Déclarer des revenus fonciers revient à choisir une méthode de calcul, puis à saisir les bons montants aux bonnes lignes. Entre micro-foncier et régime réel, les règles diffèrent, notamment sur les charges déductibles et les annexes à compléter.
Première étape : déterminer le régime applicable
Lorsque vos loyers annuels ne dépassent pas 15 000 euros, deux options existent : le micro-foncier (simplifié) ou le régime réel (avec détail des charges). Plus d’un tiers des contribuables déclarant des revenus fonciers retiennent le micro-foncier, notamment car il évite une annexe dédiée et applique une déduction forfaitaire.

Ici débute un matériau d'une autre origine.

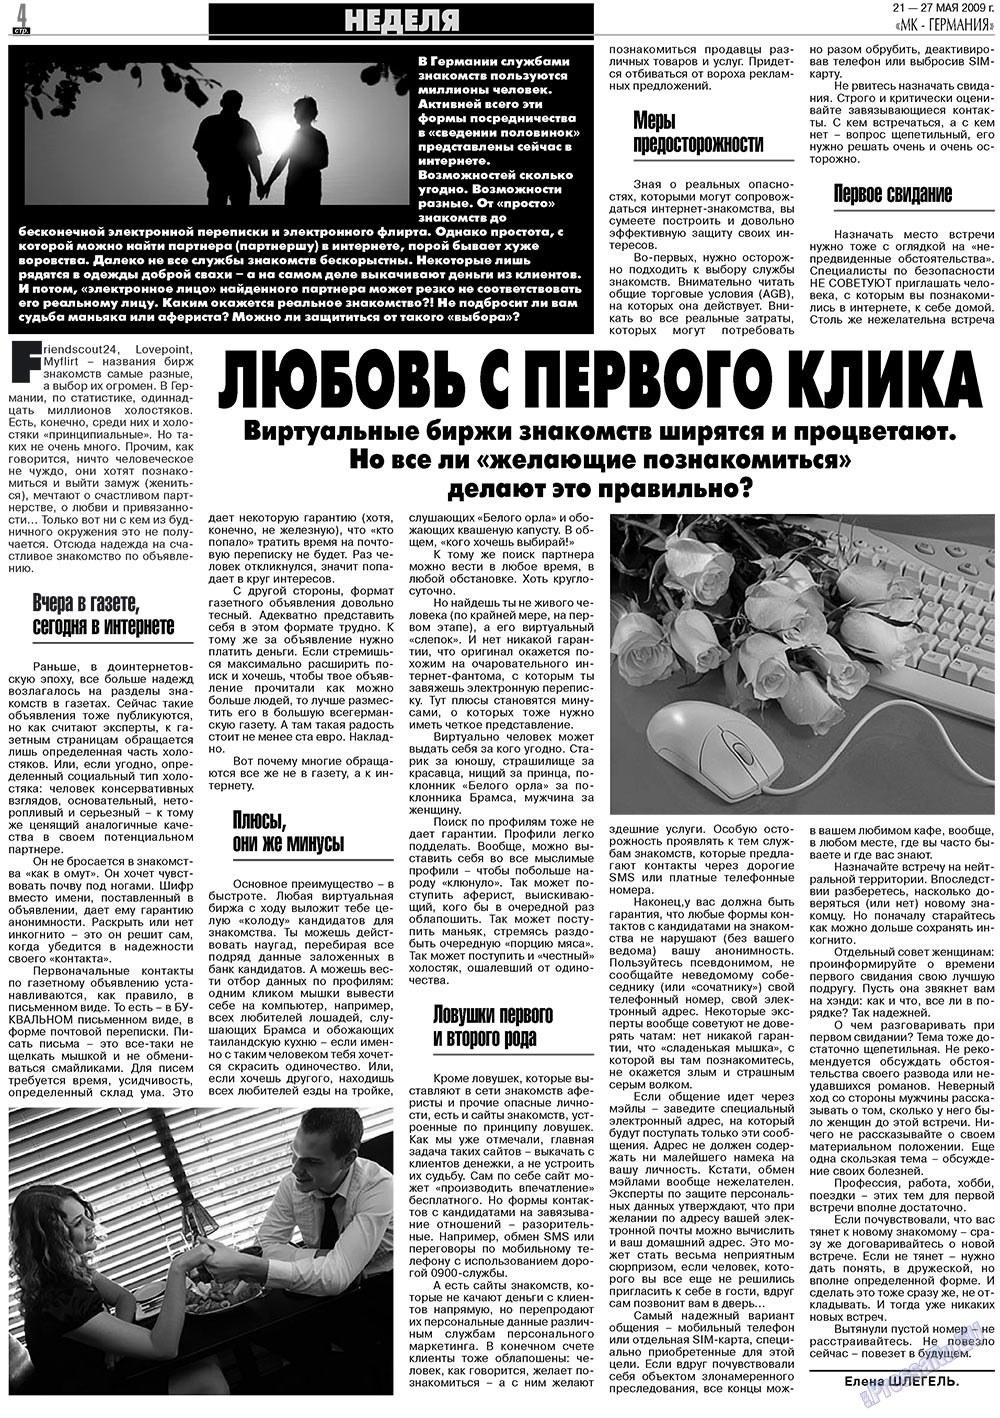 газетные объявления знакомств с телефонами

Sur la déclaration en ligne, le choix intervient dès le début de l’étape 3. Dans la rubrique « Revenus », il faut cocher soit « Micro foncier : recettes brutes n'excédant pas 15 000 euros / location non meublée », soit « Revenus fonciers / location non meublée ».

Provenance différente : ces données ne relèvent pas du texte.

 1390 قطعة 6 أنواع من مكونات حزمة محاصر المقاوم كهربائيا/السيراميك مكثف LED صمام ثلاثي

Si vos recettes locatives dépassent 15 000 euros, le régime réel s’impose et implique une annexe 2044. Si vous êtes en dessous de ce seuil mais choisissez le réel, l’option est irrévocable pendant 3 ans (revenus 2025, 2026 et 2027). Par ailleurs, « vous ne pouvez pas déclarer un de vos biens selon le régime micro foncier et l'autre selon le régime réel ».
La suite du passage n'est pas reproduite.